──────── Dataset content
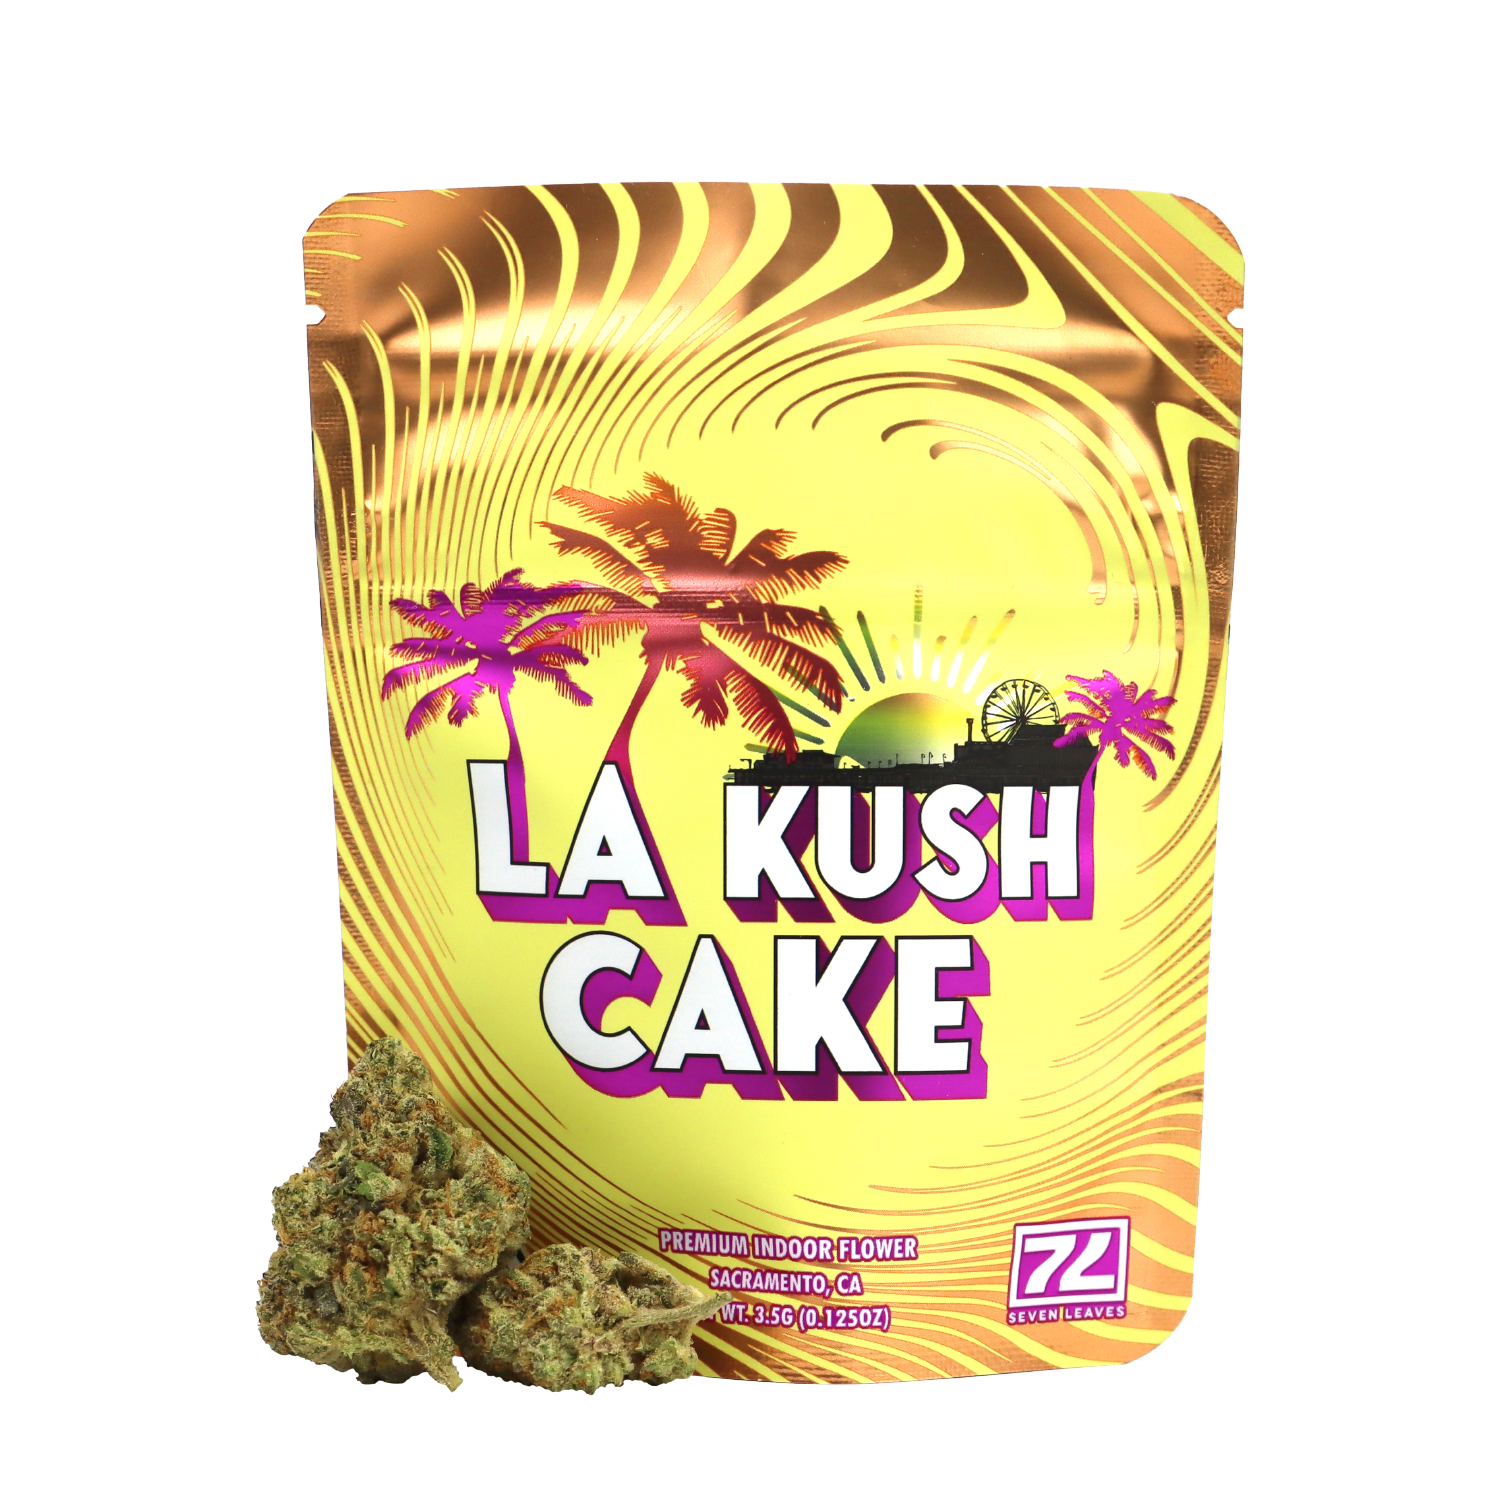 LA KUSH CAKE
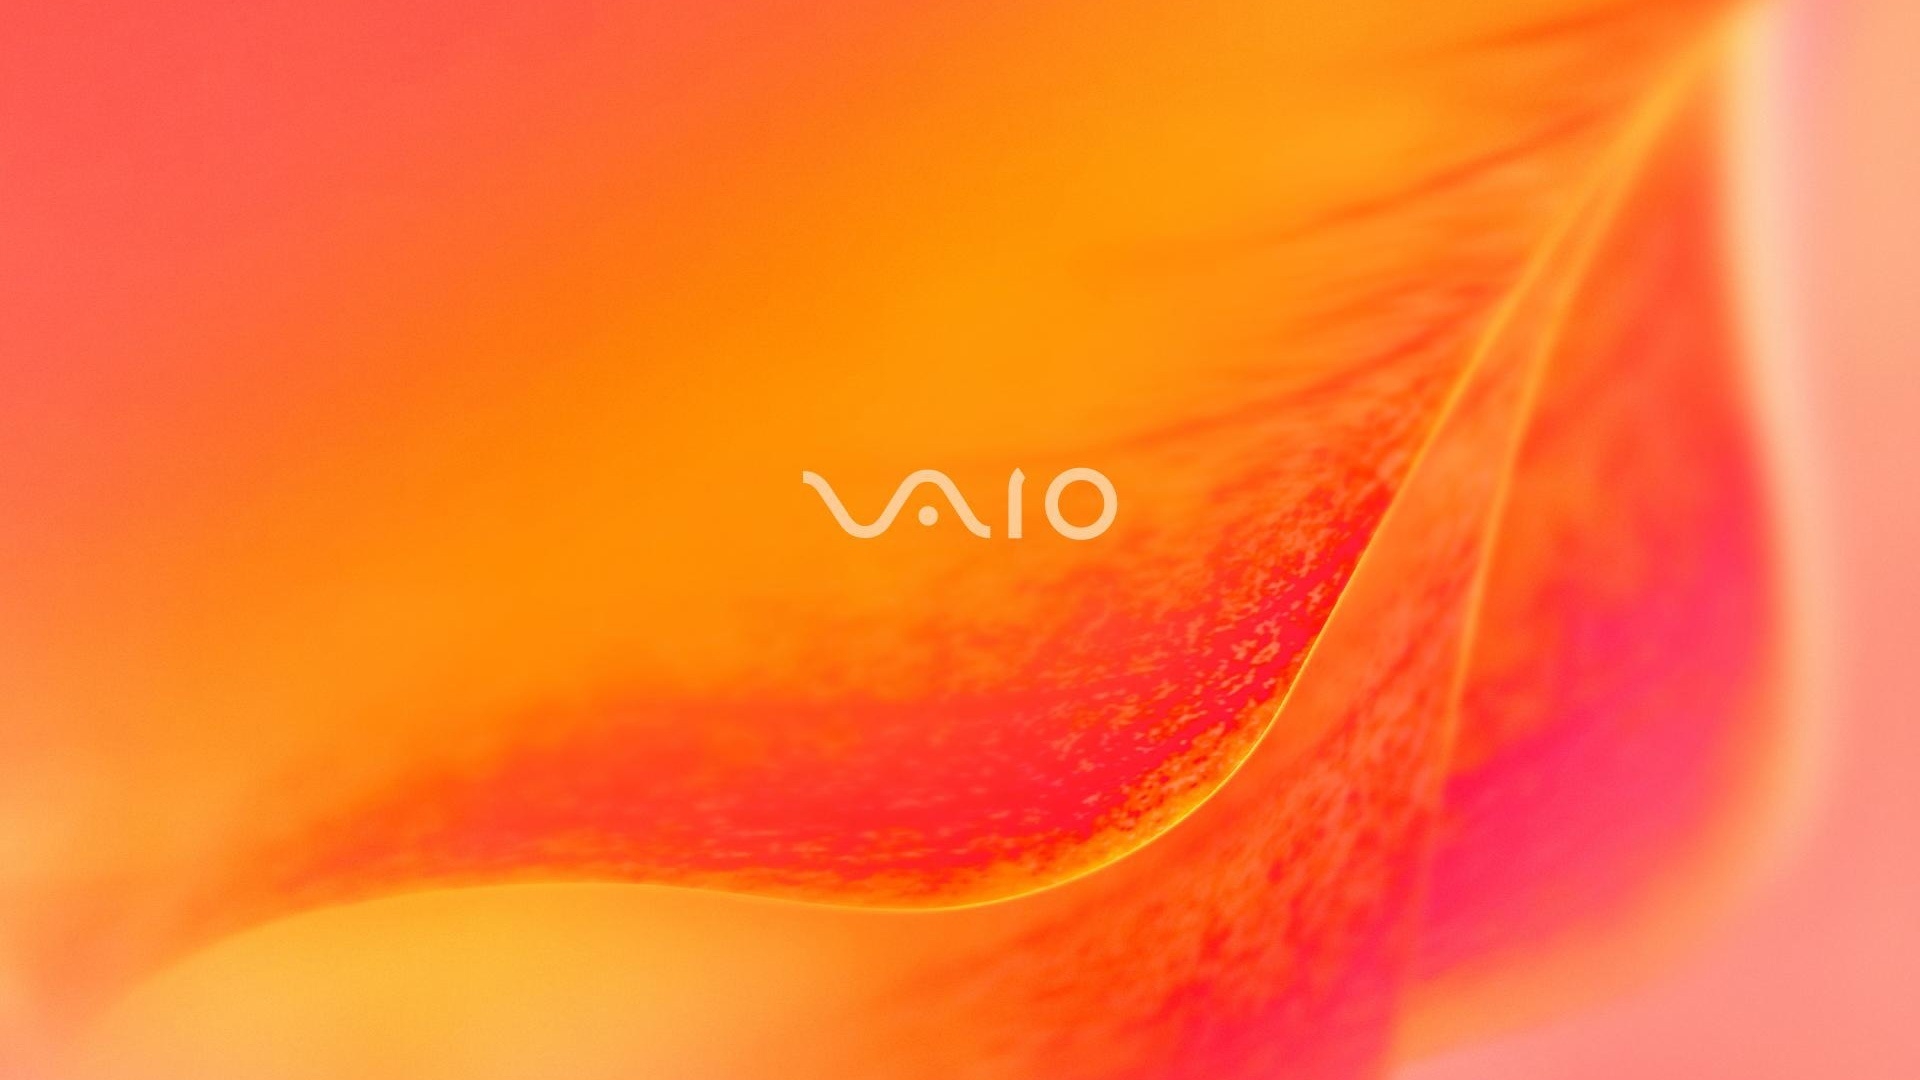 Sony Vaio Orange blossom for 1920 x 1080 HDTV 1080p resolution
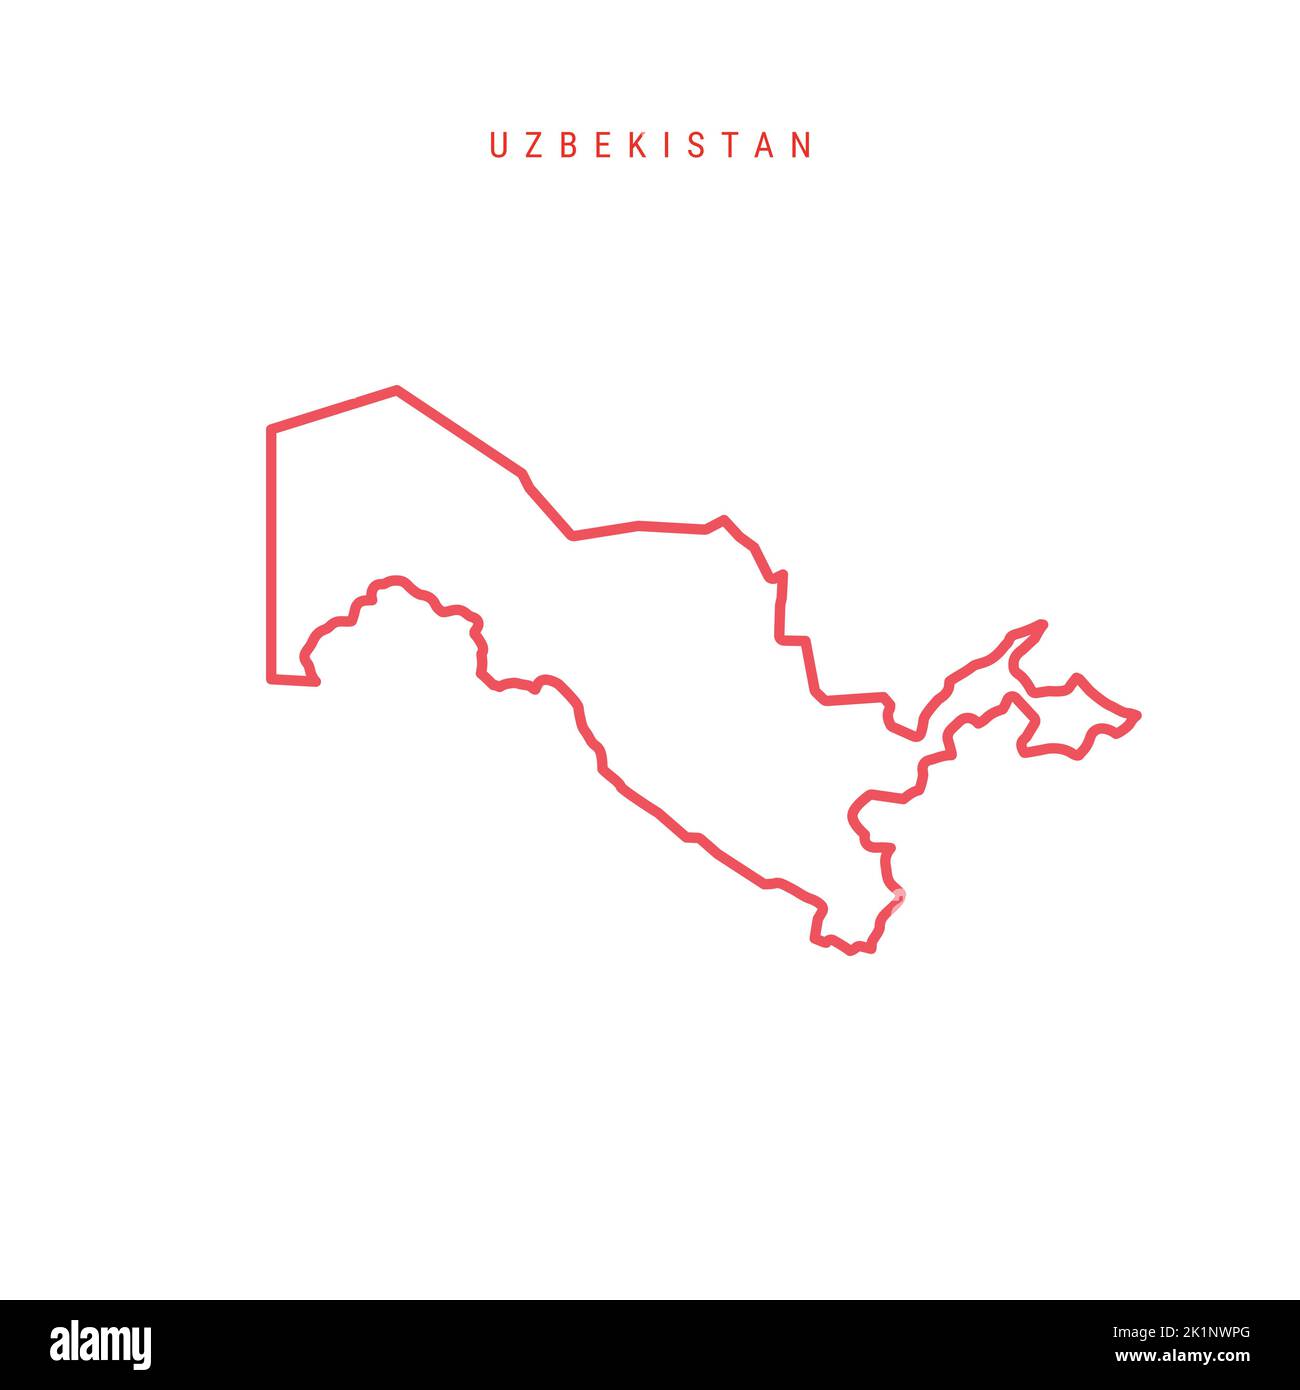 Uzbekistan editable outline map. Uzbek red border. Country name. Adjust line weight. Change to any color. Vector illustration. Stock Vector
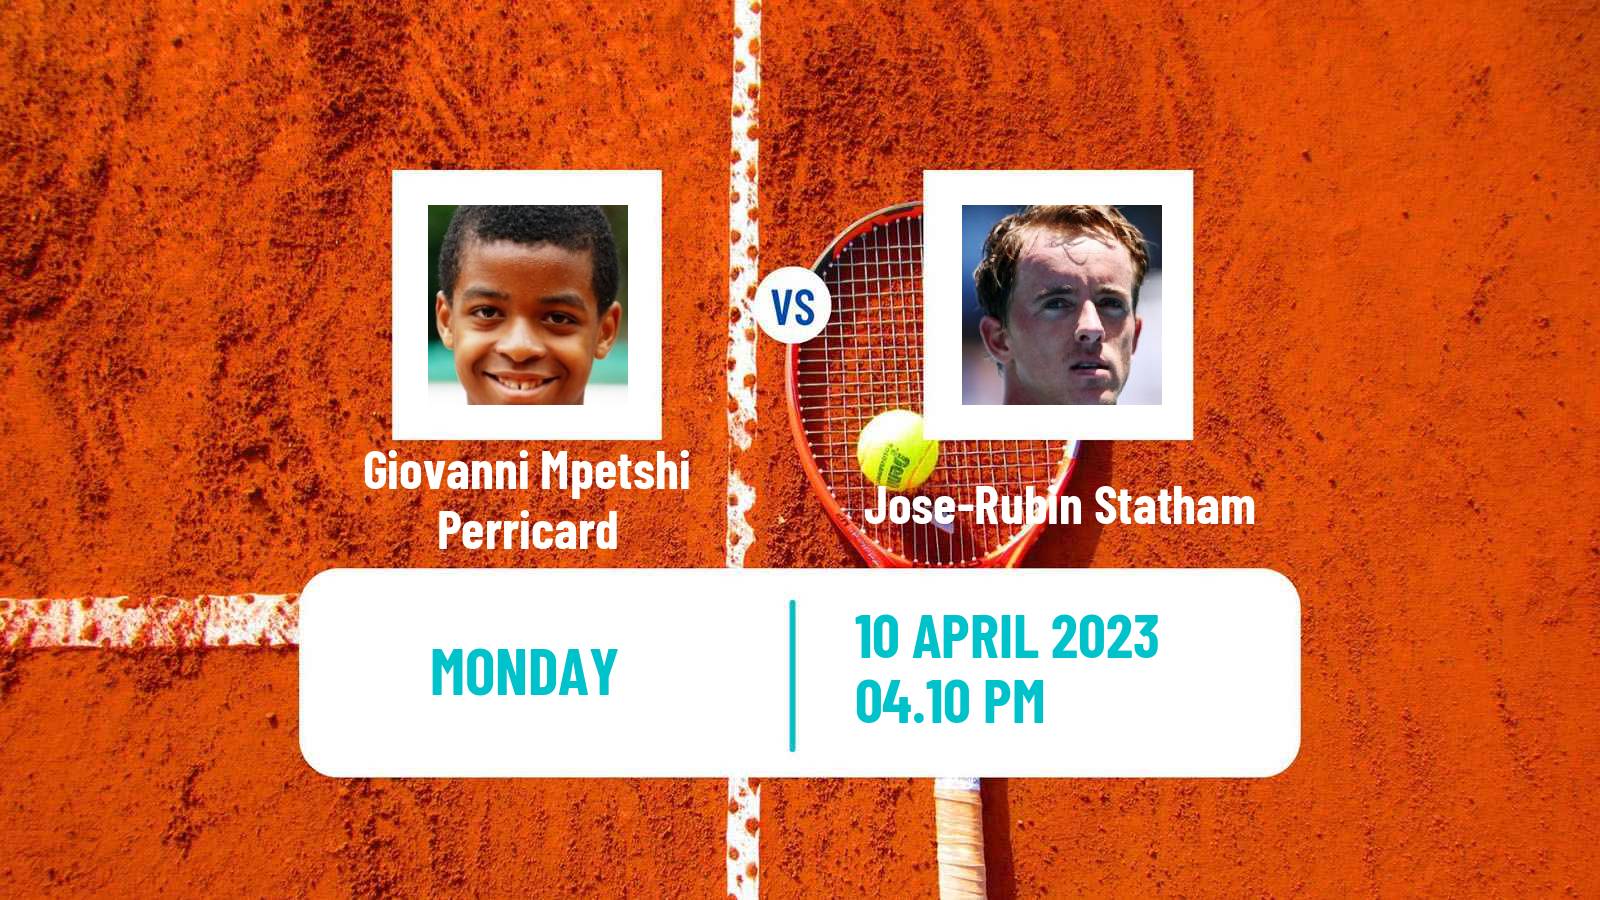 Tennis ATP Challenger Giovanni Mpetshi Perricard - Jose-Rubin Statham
────────────────
What the task asks:
Set the listing down again exactly, skipping each picture.

Exercise solution:
 LA KUSH CAKE
 Sony Vaio Orange blossom for 1920 x 1080 HDTV 1080p resolution
 Uzbekistan editable outline map. Uzbek red border. Country name. Adjust line weight. Change to any color. Vector illustration. Stock Vector
 Tennis ATP Challenger Giovanni Mpetshi Perricard - Jose-Rubin Statham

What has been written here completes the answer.